AnálisesPS3

Ace Combat: Assault Horizon

Análise

NOME: Ace Combat: Assault Horizon
FABRICANTE: Project Aces
PLATAFORMA: ps3
GENERO: Ação
DISTRIBUIDORA: Namco Bandai Games


LANÇAMENTOS
14/10/2011 14/10/2011 13/11/2011


INFORMAÇÕES ADICIONAIS E SUPORTE
Definição HD: 1080p

Jogadores: 1; 2-16 (Online)

Headset

Troféus


Para os que não sabem, Ace Combat nasceu junto ao PlayStation, e o primeiro jogo da série, Air Combat, foi um dos títulos de lançamento do videogame da Sony, em 1994. Ace Combat: Assault Horizon (AH) é o décimo-segundo título da série, e o primeiro a sair no PS3. Buscando reinventar a série após tantos lançamentos, a Namco e seu Project Aces fizeram reformulações na história e jogabilidade – e nem todas foram boas como se esperaria.

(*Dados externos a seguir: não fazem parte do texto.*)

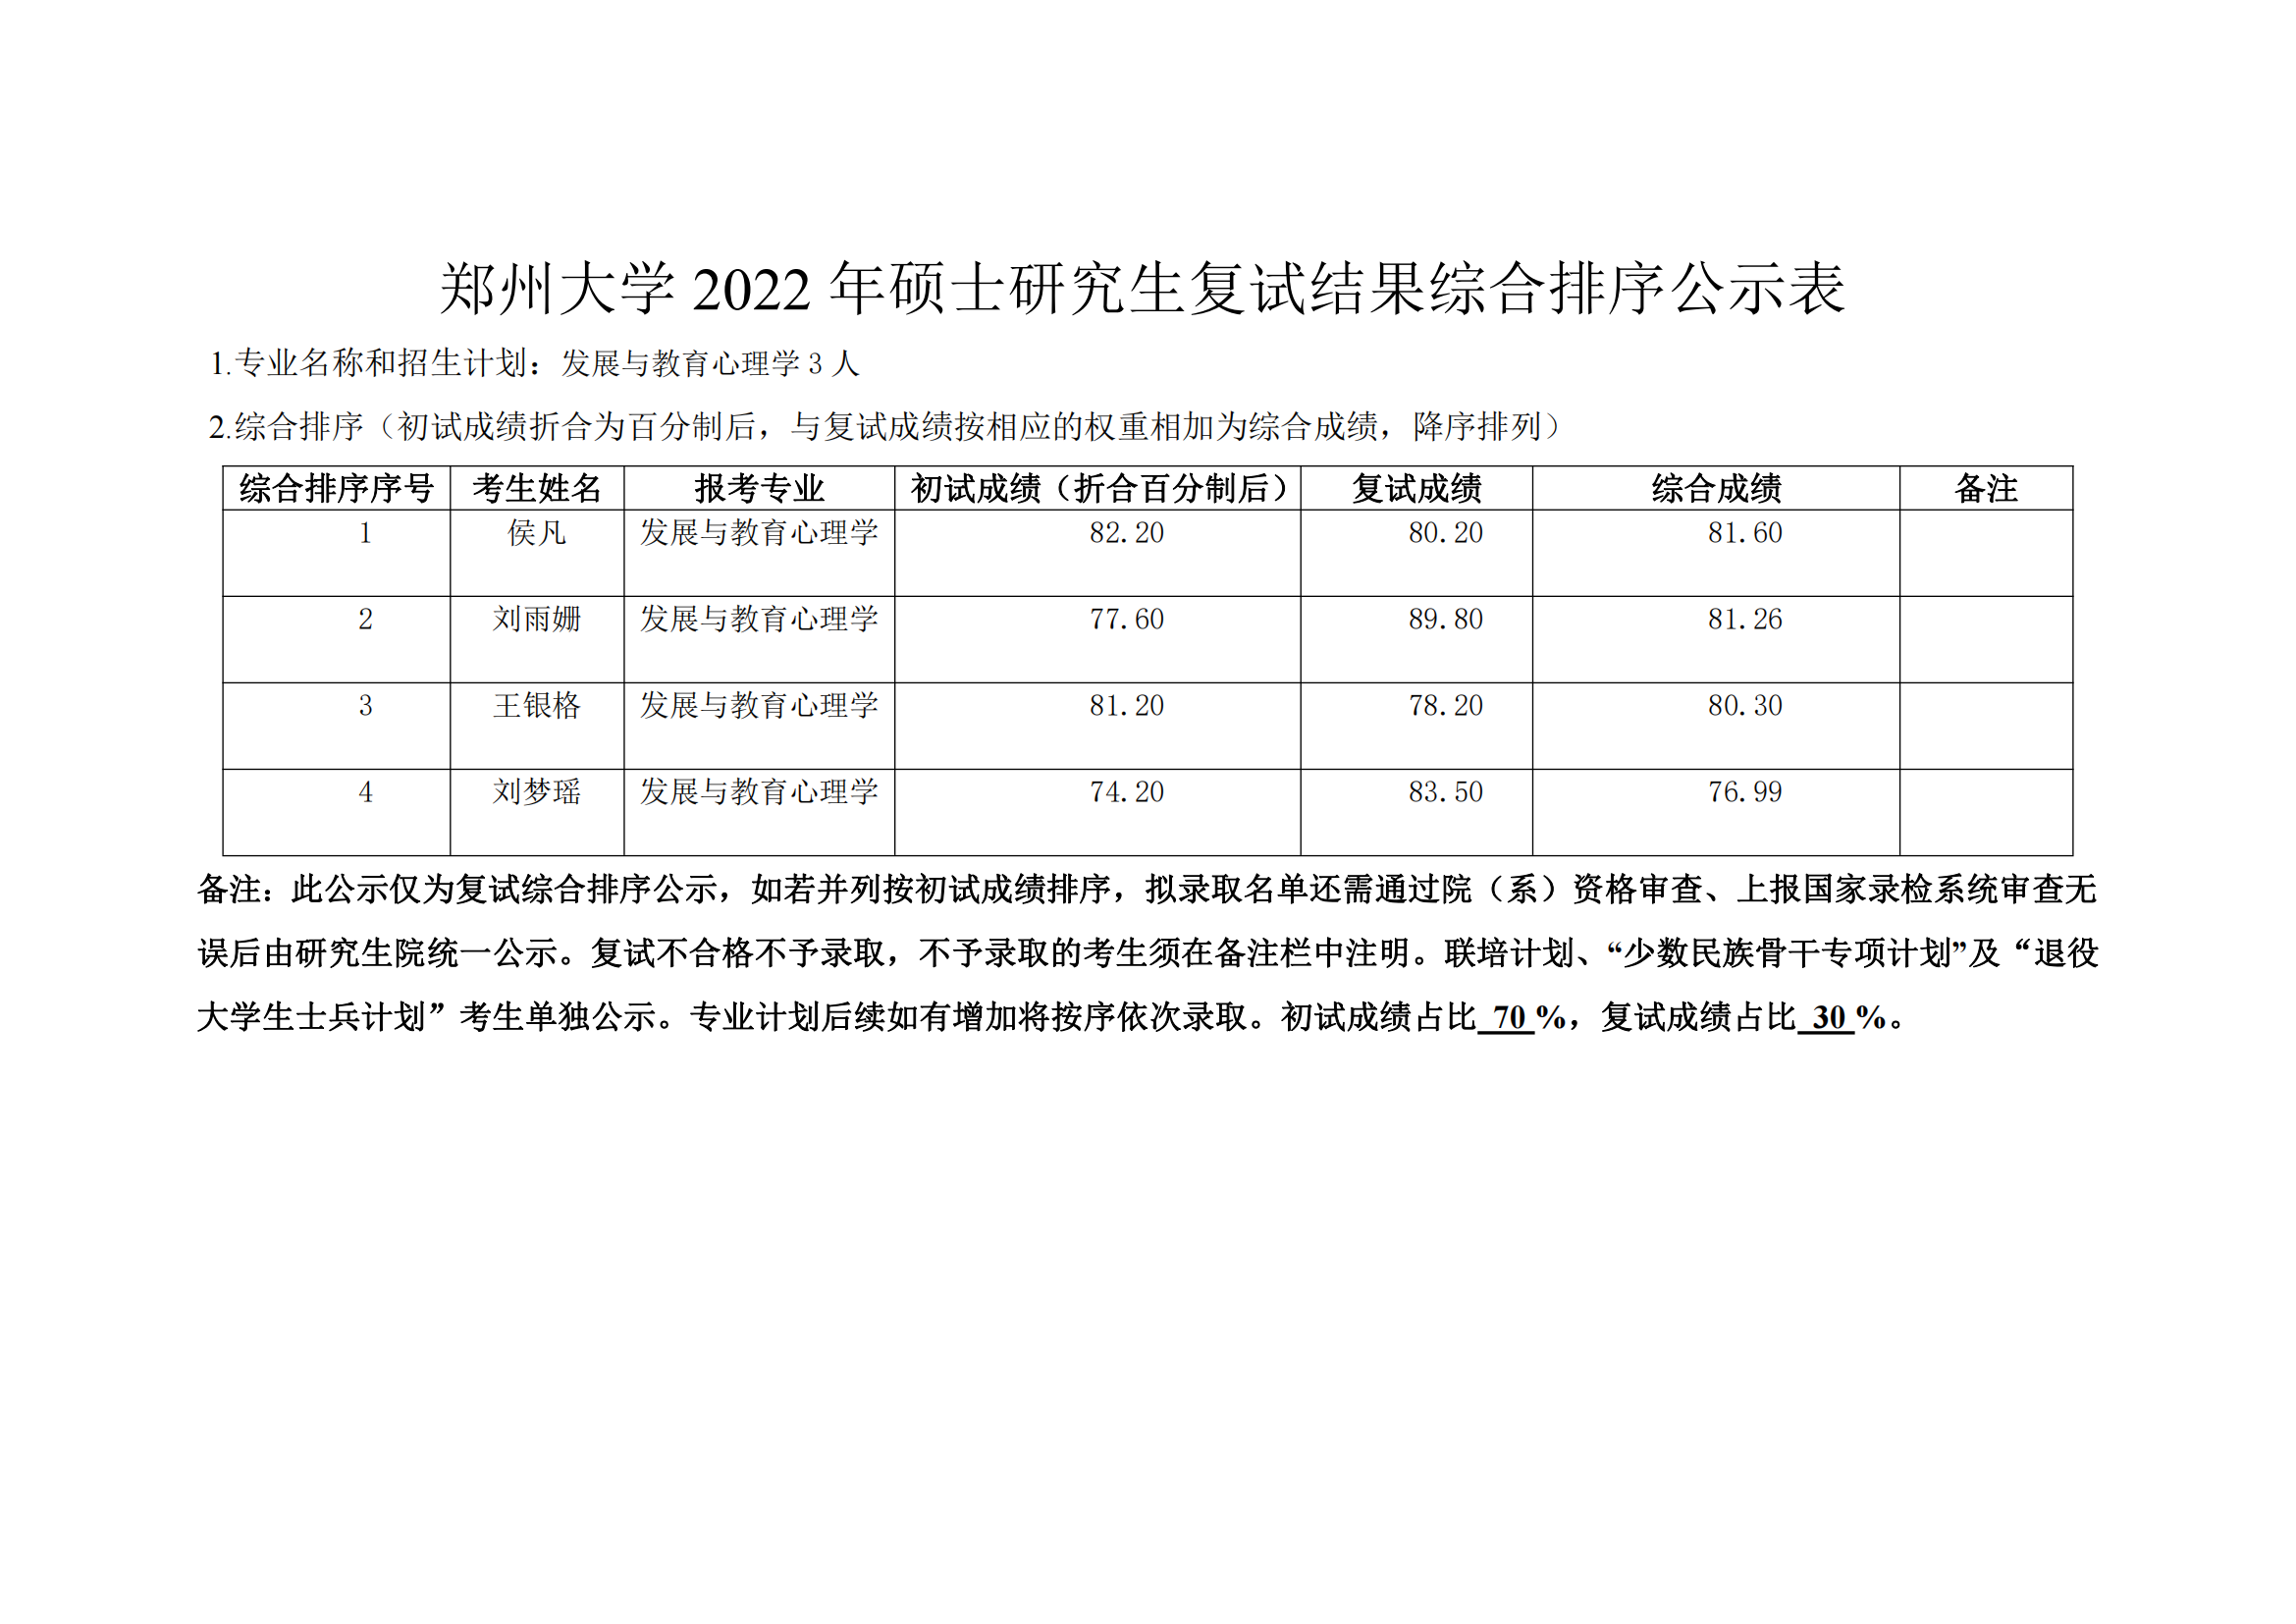 郑州大学教育学院2022年硕士研究生复试结果综合排序公示表_03.png

O enredo de AH foi criado pelo autor Jim DeFelice (você talvez não conheça o nome, mas já deve ter ouvido falar de um de seus trabalhos mais famosos, Rogue Warrior), e passa-se no mundo real. O foco é a disputa entre as forças da NATO e um grupo rebelde russo, que conseguiu uma arma de destruição em massa chamada Trinity. O ás dos rebeldes, Coronel Andrei Markov, age também como um dos líderes do grupo, enquanto o jogador assume o papel primário do Coronel William Bishop, capitão do Warwolf Flight, e o ás da NATO. Outros personagens, como o piloto de helicópteros Capitão Doug Robinson, o atirador James Mitchell e a Major Janice Rehl também são controláveis durante a campanha.

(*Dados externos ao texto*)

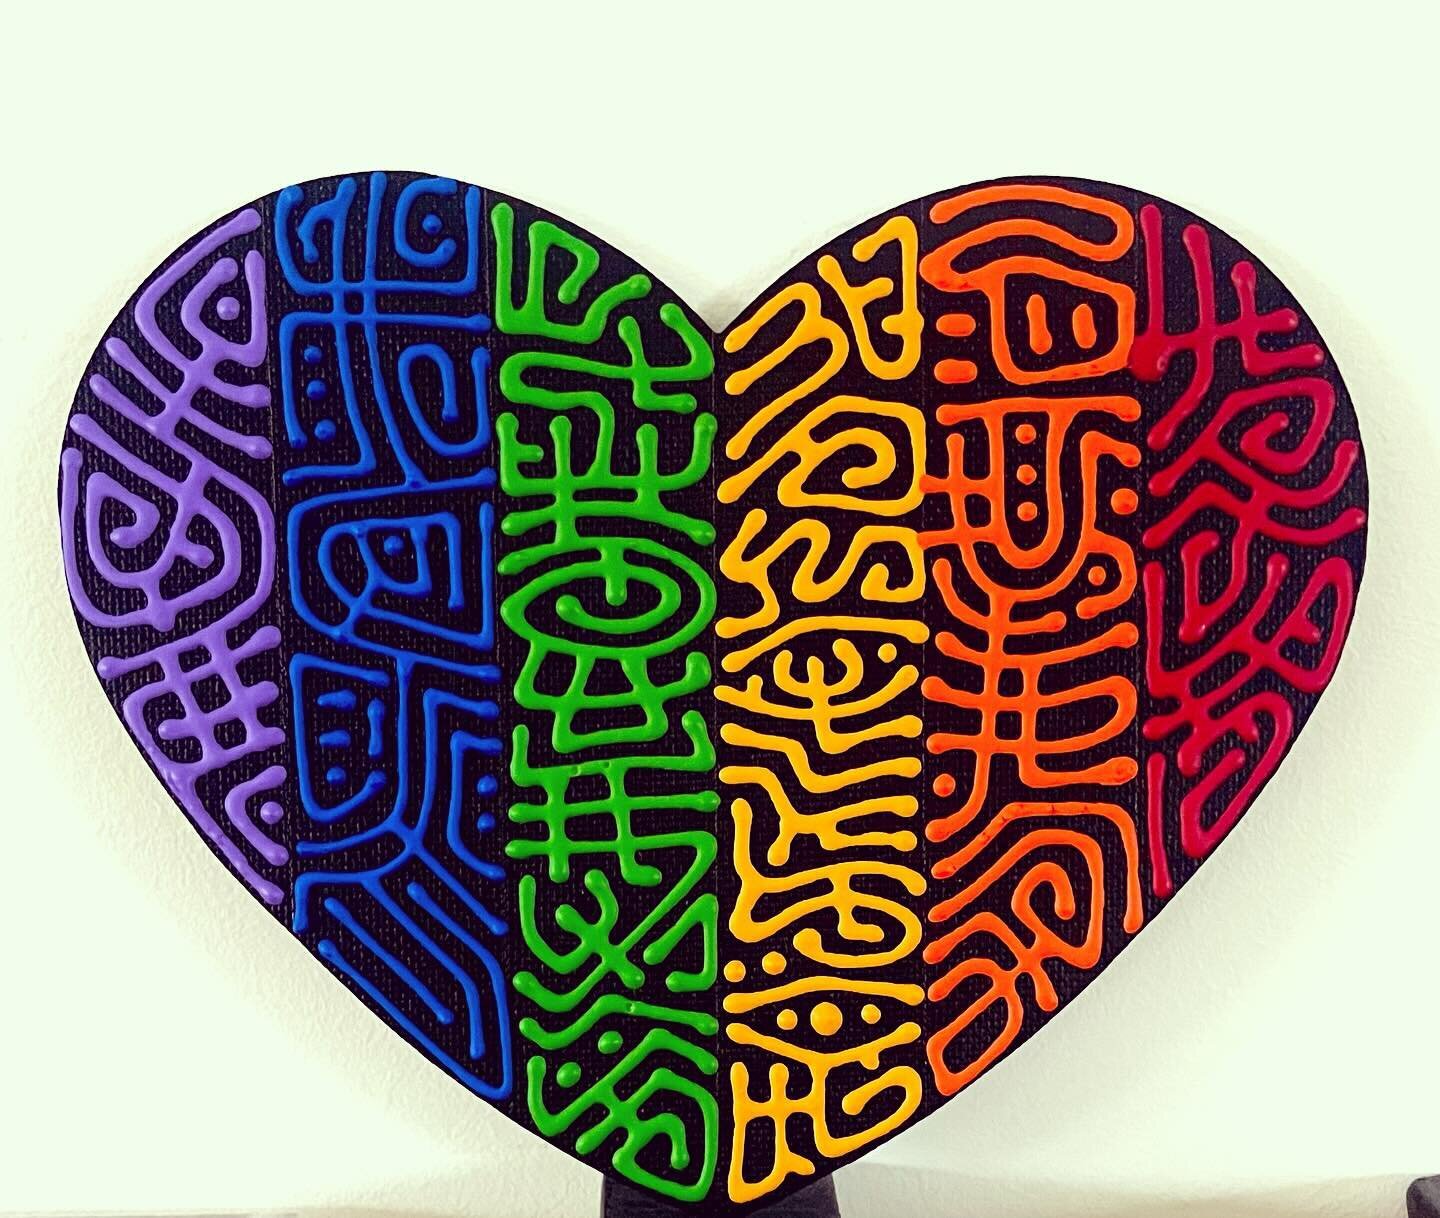 Pride Heart #prideheart #heart #heART #prideheART #pride #gaypride #gay #lgbtq #lgbtq🌈 #lgbtqpride #lgbtcommunity #melbourne #gaymelbourne

Russos, armas de destruição em massa, controlar múltiplos personagens… Se tudo soar “Call of Duty” demais para você, não se assuste – o enredo inteligente e de aspecto mais filosófico dos Razgriz ou do Demon Knight Of The Round Table, nos continentes fictícios como Yuktobania, Erusia e Osea foi substituído por algo genérico situado no “mundo real”. Jargões militares são usados abundantemente, os personagens não tem carisma e tudo parece ter sido feito tão “nos moldes” para agradar os fãs de FPSs modernos que se torna insípido e previsível. Até mesmo o personagem James Mitchell usa uma máscara com desenho de caveira, sendo impossível não nos remeter a Ghost, de Modern Warfare 2. Não é uma mudança de foco que, particularmente, me agrada, e é decepcionante ver o enredo de Ace Combat decair de forma tão degradante.

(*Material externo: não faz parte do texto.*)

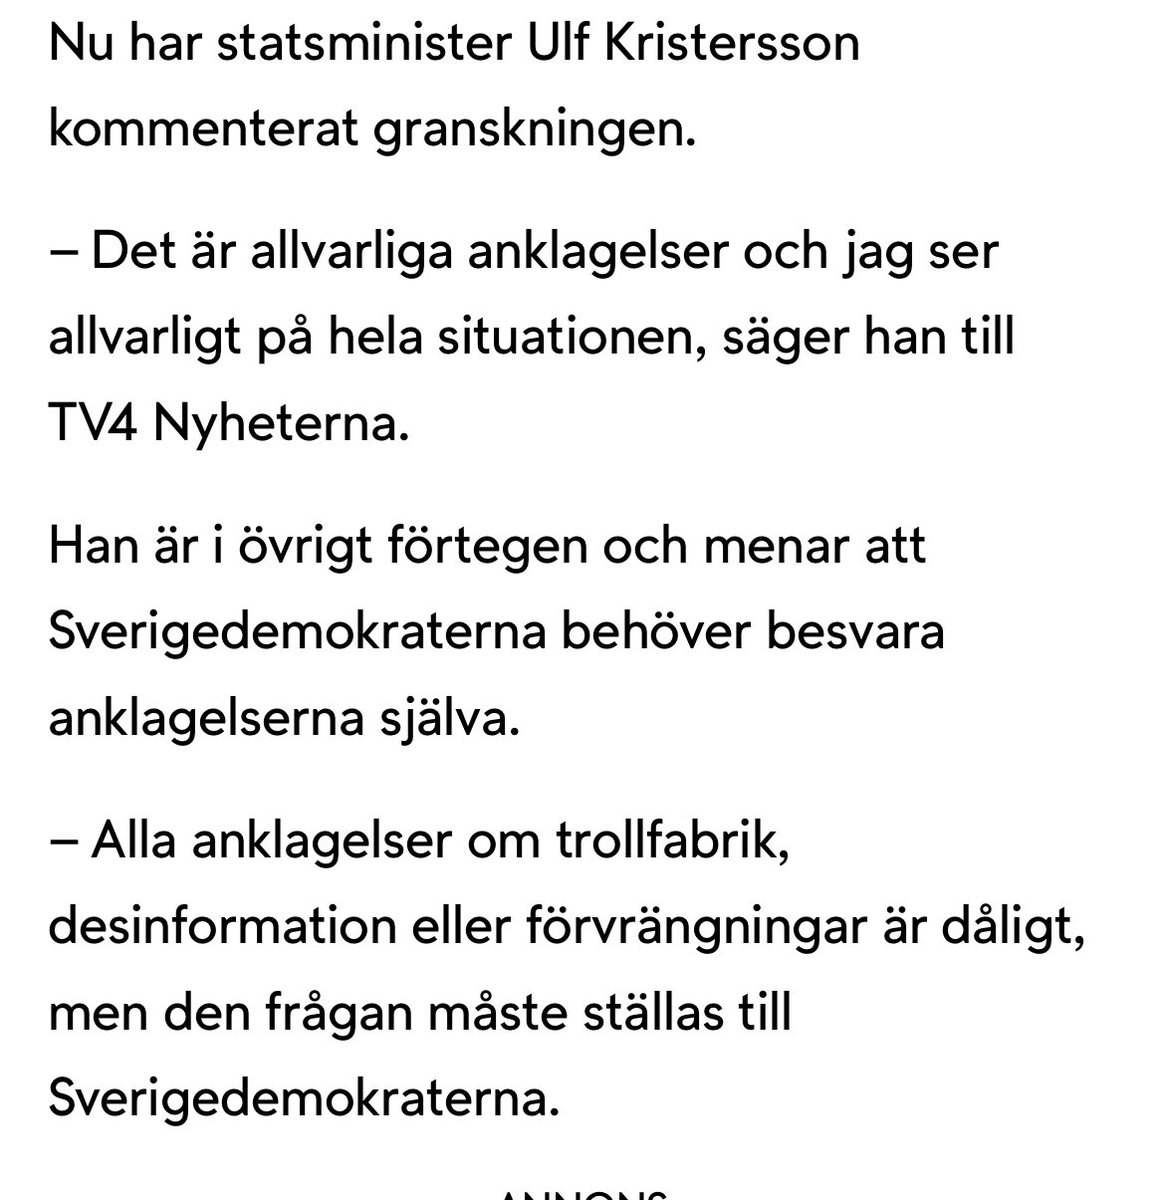 Statsminister Ulf Kristersson ser allvarligt på Kalla faktas avslöjande om att SD driver en så kallad trollfabrik. – Det ska alla partier hålla sig borta ifrån, säger han till TV4 Nyheterna. Jaha? Var det allt @UlfKristersson hade att säga?

O gameplay de AH também recebeu suas devidas mudanças, mas nem todas são de bom grado. A primeira diferença que se nota é que a barra de dano do avião se foi – sua energia agora se regenera automaticamente (exceto pela dificuldade Ace, em que não há recuperação de energia). Aliado a um sistema bem melhor de checkpoints, isso faz o jogo fluir um tanto melhor, mesmo que leve a momentos extremamene bizarros, como você cair de ponta no mar e seu avião simplesmente alçar vôo de novo, com você apenas recebendo dano ao invés de falhar a missão.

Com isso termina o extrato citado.